Everything from the line containing "woman-holding-dachshund-dog-up-to-her-chin" through the last line of the material below is to be copied exactly, ends included.

Start of Block

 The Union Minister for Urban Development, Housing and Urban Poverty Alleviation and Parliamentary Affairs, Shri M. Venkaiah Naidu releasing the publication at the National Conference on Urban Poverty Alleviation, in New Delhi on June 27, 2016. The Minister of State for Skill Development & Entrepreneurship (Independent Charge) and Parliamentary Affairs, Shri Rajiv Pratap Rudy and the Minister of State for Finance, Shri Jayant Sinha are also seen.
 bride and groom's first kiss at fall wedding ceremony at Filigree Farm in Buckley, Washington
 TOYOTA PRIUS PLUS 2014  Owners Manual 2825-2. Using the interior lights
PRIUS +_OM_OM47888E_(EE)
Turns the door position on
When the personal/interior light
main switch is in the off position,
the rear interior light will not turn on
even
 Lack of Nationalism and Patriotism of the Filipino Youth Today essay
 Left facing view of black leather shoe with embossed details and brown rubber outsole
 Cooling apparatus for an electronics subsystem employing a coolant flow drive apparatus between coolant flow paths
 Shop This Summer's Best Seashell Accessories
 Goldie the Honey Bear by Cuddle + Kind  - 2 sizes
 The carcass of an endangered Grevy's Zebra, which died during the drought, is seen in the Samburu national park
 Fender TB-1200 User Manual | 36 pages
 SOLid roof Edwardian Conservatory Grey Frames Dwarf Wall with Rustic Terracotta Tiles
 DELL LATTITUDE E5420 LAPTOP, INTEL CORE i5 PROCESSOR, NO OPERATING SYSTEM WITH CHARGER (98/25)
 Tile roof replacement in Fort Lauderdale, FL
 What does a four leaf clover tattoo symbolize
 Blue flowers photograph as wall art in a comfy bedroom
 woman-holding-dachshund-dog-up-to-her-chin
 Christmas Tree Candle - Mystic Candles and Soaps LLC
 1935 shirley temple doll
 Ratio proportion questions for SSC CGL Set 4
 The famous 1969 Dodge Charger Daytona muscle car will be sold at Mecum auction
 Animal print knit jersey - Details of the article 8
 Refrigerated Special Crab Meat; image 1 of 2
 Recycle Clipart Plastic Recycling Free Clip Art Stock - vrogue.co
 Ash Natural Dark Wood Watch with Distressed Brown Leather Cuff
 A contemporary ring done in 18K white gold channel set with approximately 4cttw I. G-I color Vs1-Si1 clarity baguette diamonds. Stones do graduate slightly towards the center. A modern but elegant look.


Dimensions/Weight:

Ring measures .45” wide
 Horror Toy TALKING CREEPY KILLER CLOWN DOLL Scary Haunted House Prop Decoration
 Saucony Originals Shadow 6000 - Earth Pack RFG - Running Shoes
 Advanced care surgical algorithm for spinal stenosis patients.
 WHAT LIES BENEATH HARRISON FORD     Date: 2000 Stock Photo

End of Block

• _Response for this exercise_
 woman-holding-dachshund-dog-up-to-her-chin
 Christmas Tree Candle - Mystic Candles and Soaps LLC
 1935 shirley temple doll
 Ratio proportion questions for SSC CGL Set 4
 The famous 1969 Dodge Charger Daytona muscle car will be sold at Mecum auction
 Animal print knit jersey - Details of the article 8
 Refrigerated Special Crab Meat; image 1 of 2
 Recycle Clipart Plastic Recycling Free Clip Art Stock - vrogue.co
 Ash Natural Dark Wood Watch with Distressed Brown Leather Cuff
 A contemporary ring done in 18K white gold channel set with approximately 4cttw I. G-I color Vs1-Si1 clarity baguette diamonds. Stones do graduate slightly towards the center. A modern but elegant look.


Dimensions/Weight:

Ring measures .45” wide
 Horror Toy TALKING CREEPY KILLER CLOWN DOLL Scary Haunted House Prop Decoration
 Saucony Originals Shadow 6000 - Earth Pack RFG - Running Shoes
 Advanced care surgical algorithm for spinal stenosis patients.
 WHAT LIES BENEATH HARRISON FORD     Date: 2000 Stock Photo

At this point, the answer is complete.